2. Pemahaman filosofis tentang kebenaran dalam konteks Pancasila dapat digeneralisasikan bahwa dalam konteks Pancasila, kebenaran adalah 1) tiadanya pertentangan dengan Tuhan, 2) aktualisasi atau perwujudan dan terpenuhinya hakekat manusia, 3) suatu hal yang satu, tidak dapat dibagi-bagi, 4) kemanfaatan pada semua pihak, dan 5) terpenuhinya hakekat keadilan (adil). Untuk pengembangan ilmu di Indonesia nilai kebenaran Pancasila harus dijadikan dasarnya

3. Dengan berorientasi Pancasila secara ilmiah dalam upaya mencari kebenaran dan konsep bahwa Pancasila sebagai dasar pengembangan ilmu di Indonesia serta visi ilmu di Indonesia tersebut maka ilmu yang dikembangkan di Indonesia tidak akan ada alienasi terhadap bangsa Indonesia, tetapi sepenuhnya cocok dan sejalan dengan budaya dan jati diri bangsa Indonesia.
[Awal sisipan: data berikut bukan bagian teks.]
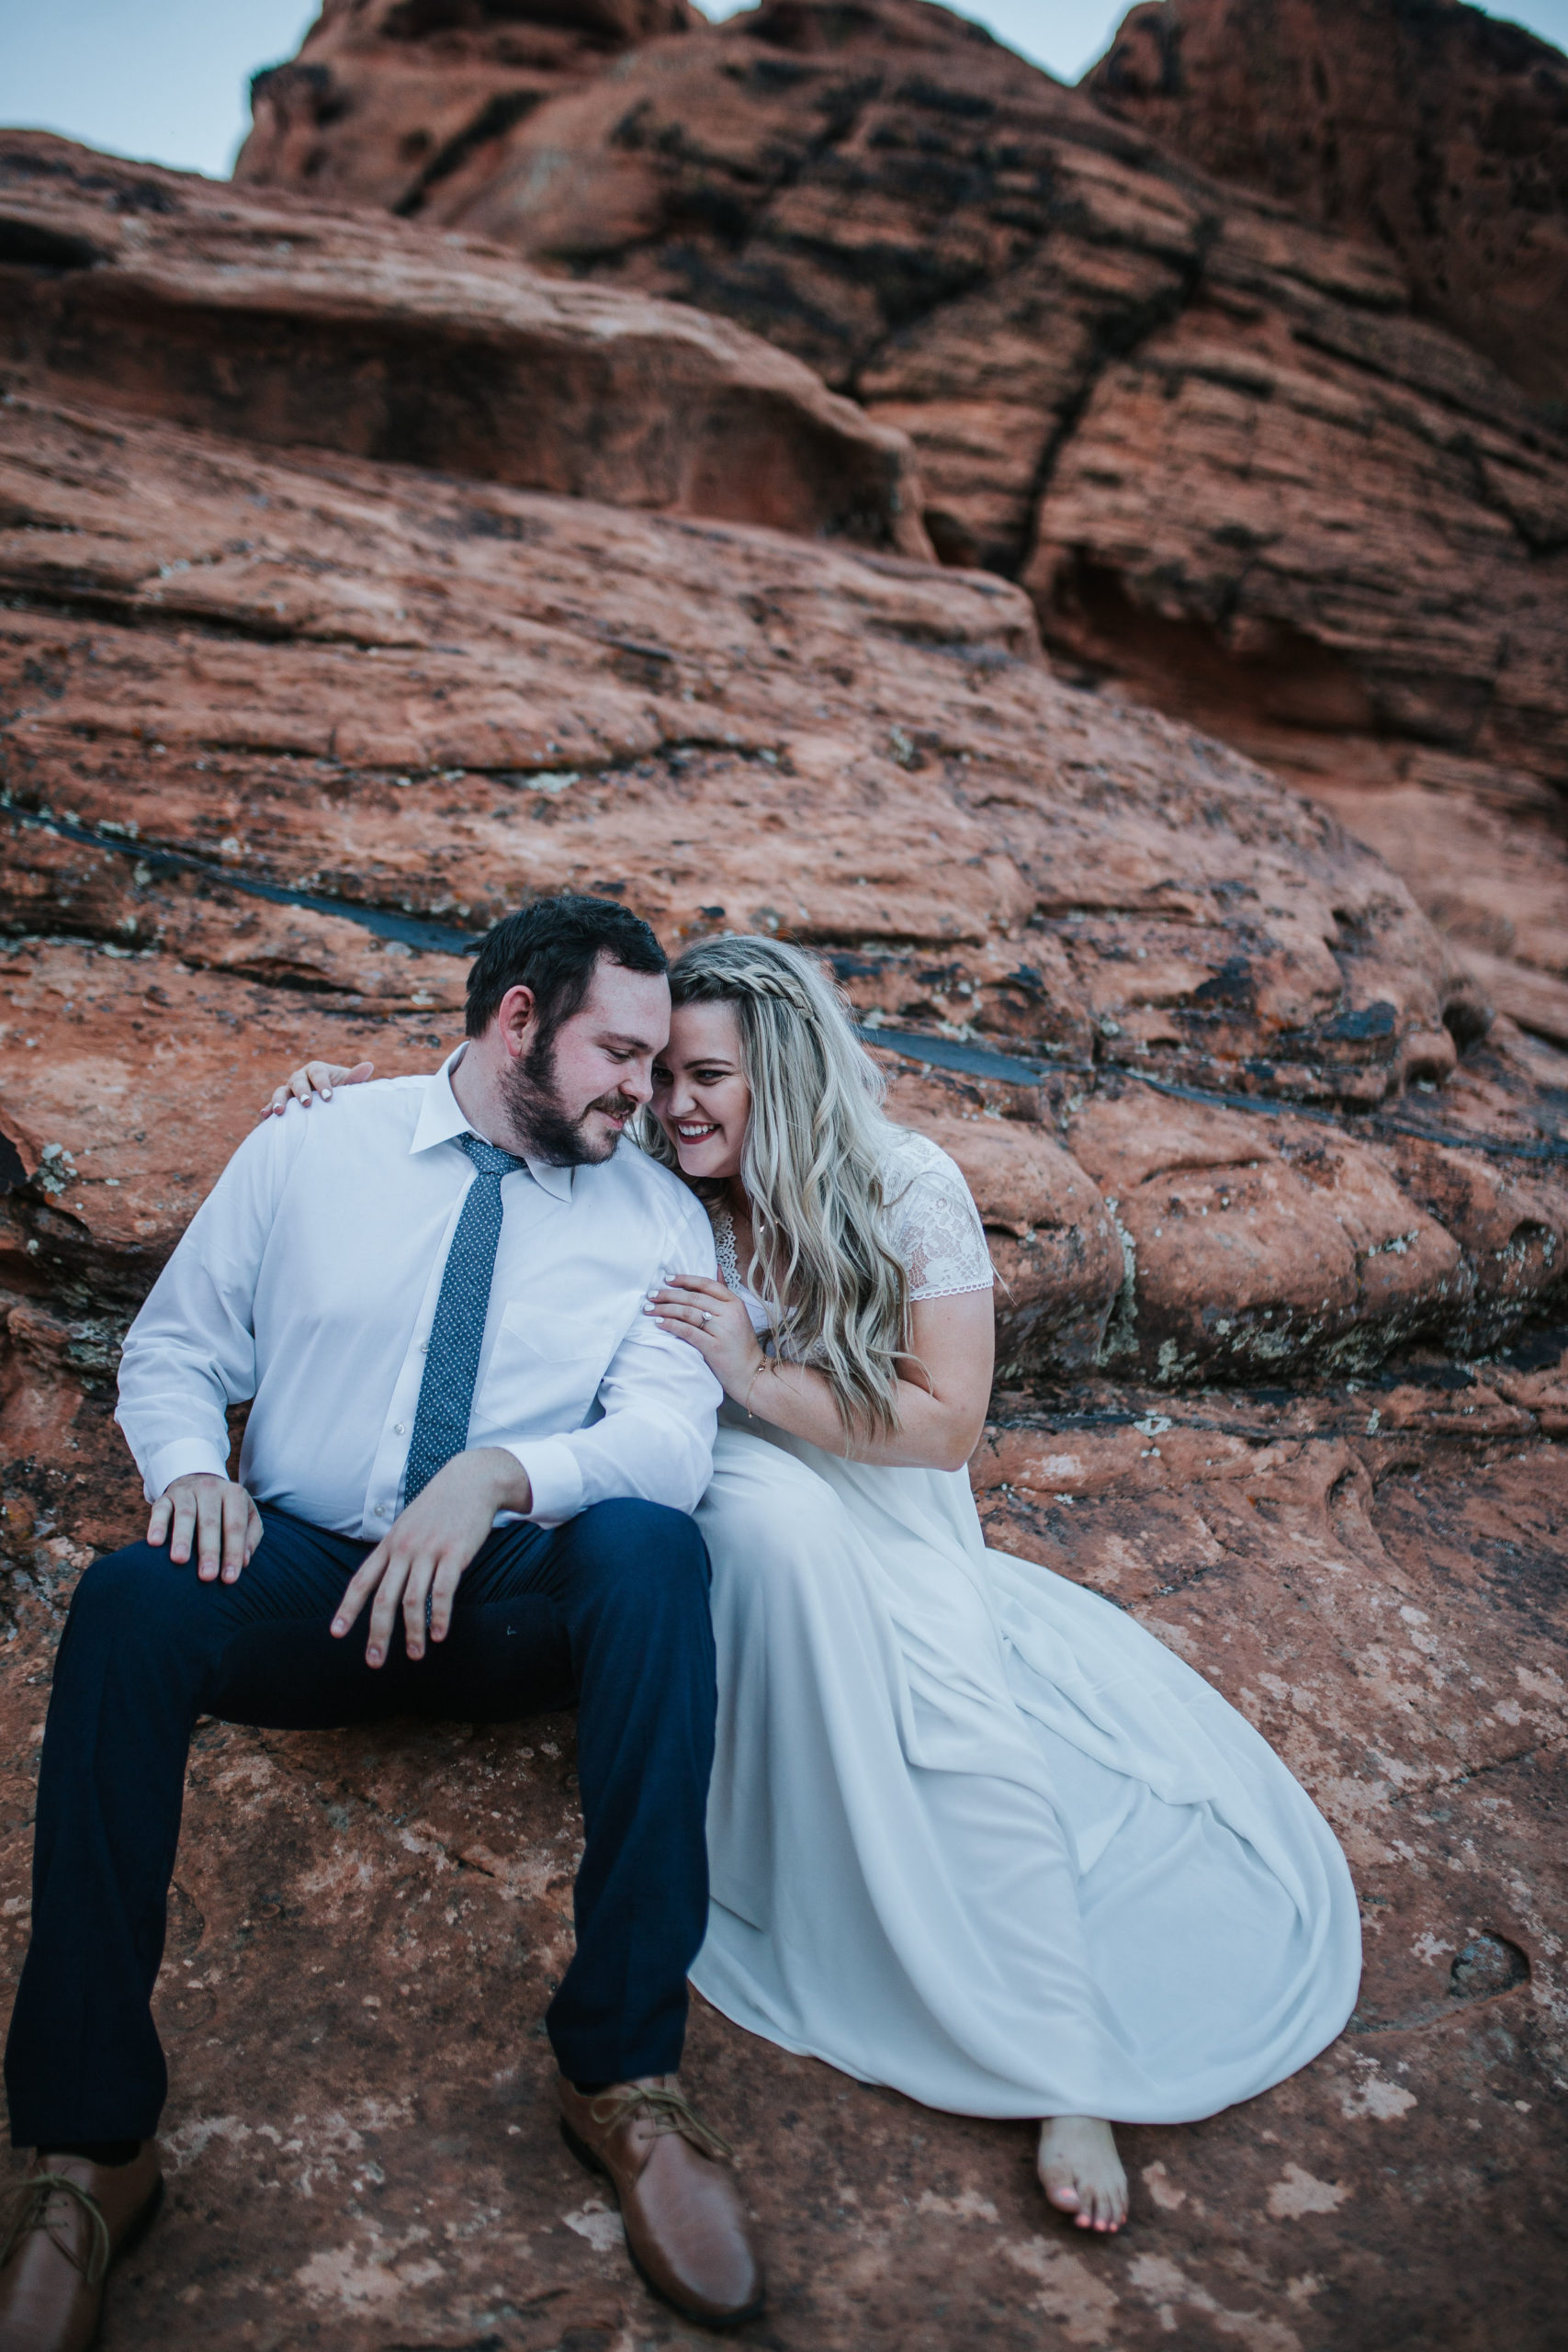 husband and wife on their wedding day sitting on some red rocks in the desert

Manajemen A MKU Pancasila -> Forum Analisis Jurnal

by M Effan Ananta -
Nama:M.Effan Ananta
Npm:2211011074
kelas:S1 Manajemen A

URGENSI PENEGASAN PANCASILA
SEBAGAI DASAR NILAI PENGEMBANGAN IPTEK

Pengembangan Ilmu Pengetahuan
dan Teknologi (Iptek) dewasa ini
mencapai kemajuan pesat sehingga
peradapan manusia mengalami perubahan
yang luar biasa . Pengembangan Iptek
tidak dapat terlepas dari situasi yang
melengkapinya, artinya iptek selalu
berkembang dalam suatu ruang budaya

Perkembangan iptek selalu berkembang dalam suatu lingkup budaya
Kepemilikan iptek dapat mengarah pada dampak positif maupun dampak negatif
Pancasila sebagai dasar nilai pengembangan ilmu dapat disampaikan pemahaman

(1)Setiap iptek yang berkembang diindonesia hendaknya tidak bertentang dengan nilai-nilai yang terkandung dalam pancasila
(2)Perkembangan iptek harus berdasarkan nilai pancasila sebagai internal pengembangan
(3)Nilai pancasilaberperan sebagai rambu normatif bagi pengembangan iptek di indonesia
(4) Pengembangan iptek harus berdasarkan budaya dan idiologi bangsa indonesia

Jadi, Pancasila sebagai dasar nilai pengembangan IPTEK bagi kehidupan bermasyarakat, berbangsa dan bernegara sangat penting dan diharapkan dapat menjadi dasar pengembangan keilmuan yang disesuaikan dengan nilai-nilai budaya yang dimiliki oleh bangsa Indonesia, sehingga pengembangan iptek tadi tidak keluar dari nilai-nilai yang telah dimilliki bangsa Indonesia.